Schroder European Real Estate Investment Trust (Sereit), the company investing in European growth cities, has acquired a shopping centre in Seville, Spain, in a joint venture, worth about €52.5m (R771m).

Schroder, a rand hedge for South African investors, focuses on European cities, and promises consistent income payouts, as opposed to seeking market-beating capital growth. It has managed to complete its first deal in Spain, one of Europe’s strongly recovering economies.

Spain’s economy grew 3.2% in 2016 and 3.2% in 2015.

Schroder’s portion of the Spanish city was worth €26.3m, reflecting a net initial yield of 6.2%. It represents the first addition to the portfolio outside the core markets of France and Germany.

Sereit fund manager Tony Smedley said Seville was an attractive market, given its status as a tourist destination.

Seville is the capital of Andalucía and Spain’s fourth-largest city and is an important tourist destination. The city is expected to outperform national averages in terms of both economic growth and consumer spending over the next five years, according to Smedley.

"We have been tracking this opportunity for some time and are pleased to complete the purchase.
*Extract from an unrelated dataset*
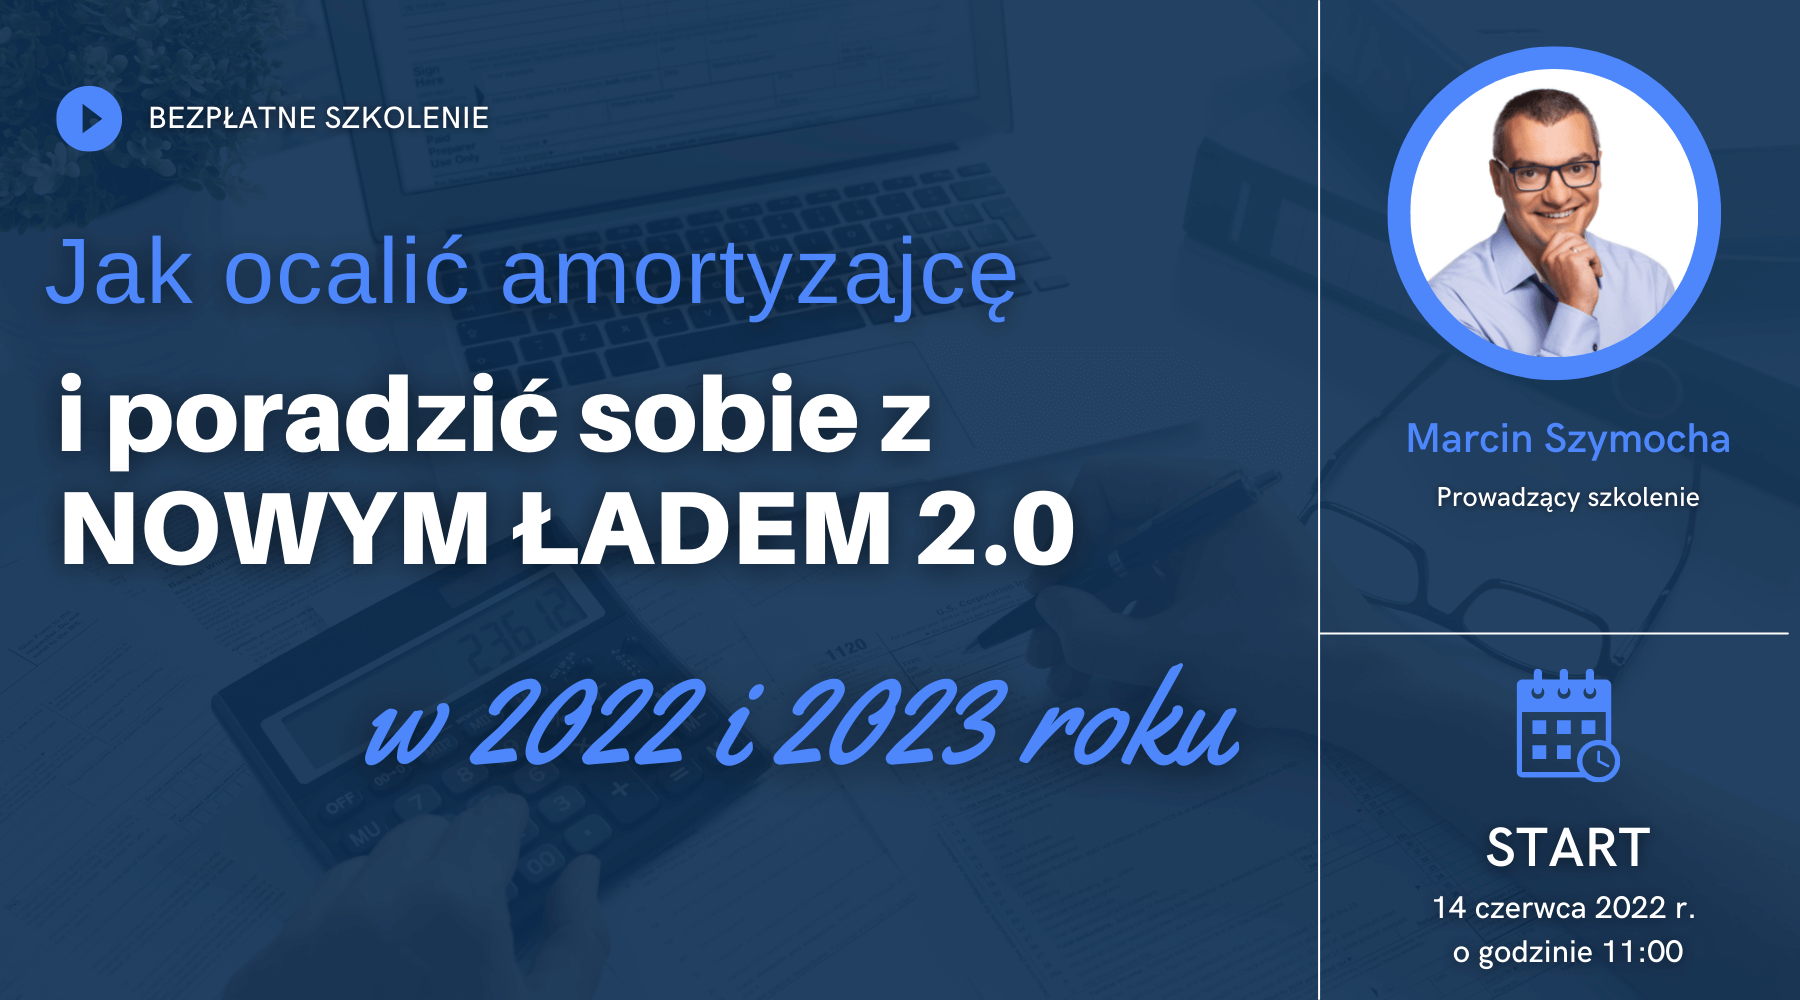 Akademia Mieszkanicznika - 14.06.2022 - Jak ocalić amortyzację i poradzić sobie z Nowym Ładem 2.0?
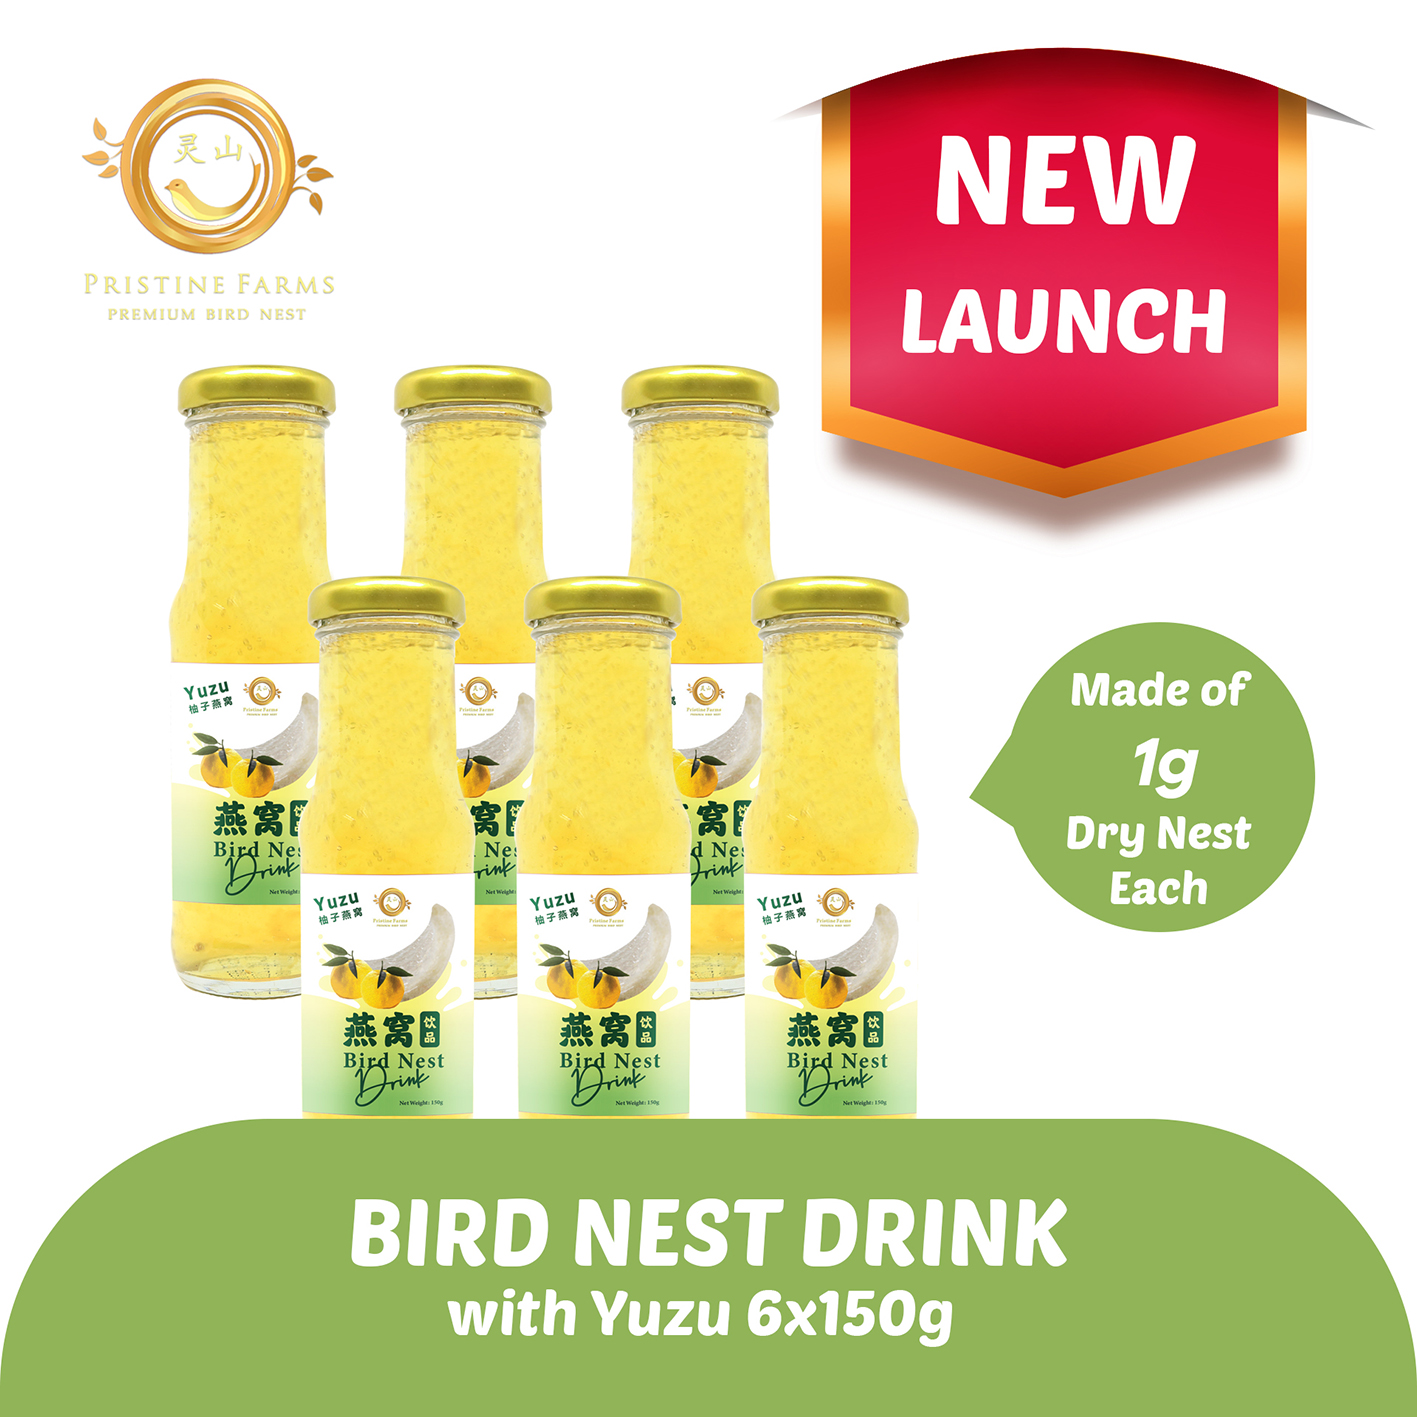 Pristine Farm Bird Nest Yuzu Drink with 1g of Dry Nest - Bundle of 6 x 150g

The property has a strong occupational track record, is located in one of the region’s fastest growing conurbations and fits with the wider portfolio strategy to acquire accretive assets that offer an attractive income profile with additional asset management potential," said Smedley.

"We are excited to be delivering on our stated initial public offering strategy, building a considerable portfolio of diverse assets that are set to be beneficiaries of the improving economies and the long-term urbanisation theme being witnessed across the European cities in which the company is invested," he said.

Chris Segar of Ivy Asset Management said Sereit was a "compelling investment for retail investors".

"Schroder has a solid track record in property asset management, they have dedicated property people on the ground across many regions of continental Europe, with teams based in London, Paris, Frankfurt, Zurich, Luxembourg and Stockholm. So they have good property expertise and broad coverage, which enables them to actively seek out opportunities, such as properties with decent rental or vacancy reversions, and to take advantage of the large gap between property investment yields and government yields," he said.

The company’s portfolio’s initial yield was 6.3%. With a loan-to-value of 22% and a blended cost of debt of 1.19%, cash-on-cash returns were projected to be between 7% and 9%.

"The fund debuted in December 2015, and in April 2017, management stated that they had a potential property portfolio of €230m, with an existing portfolio value of €180m. So it appears that management have been hard at work on implementing their acquisition strategy, having identified property assets with uplift potential," Segar said.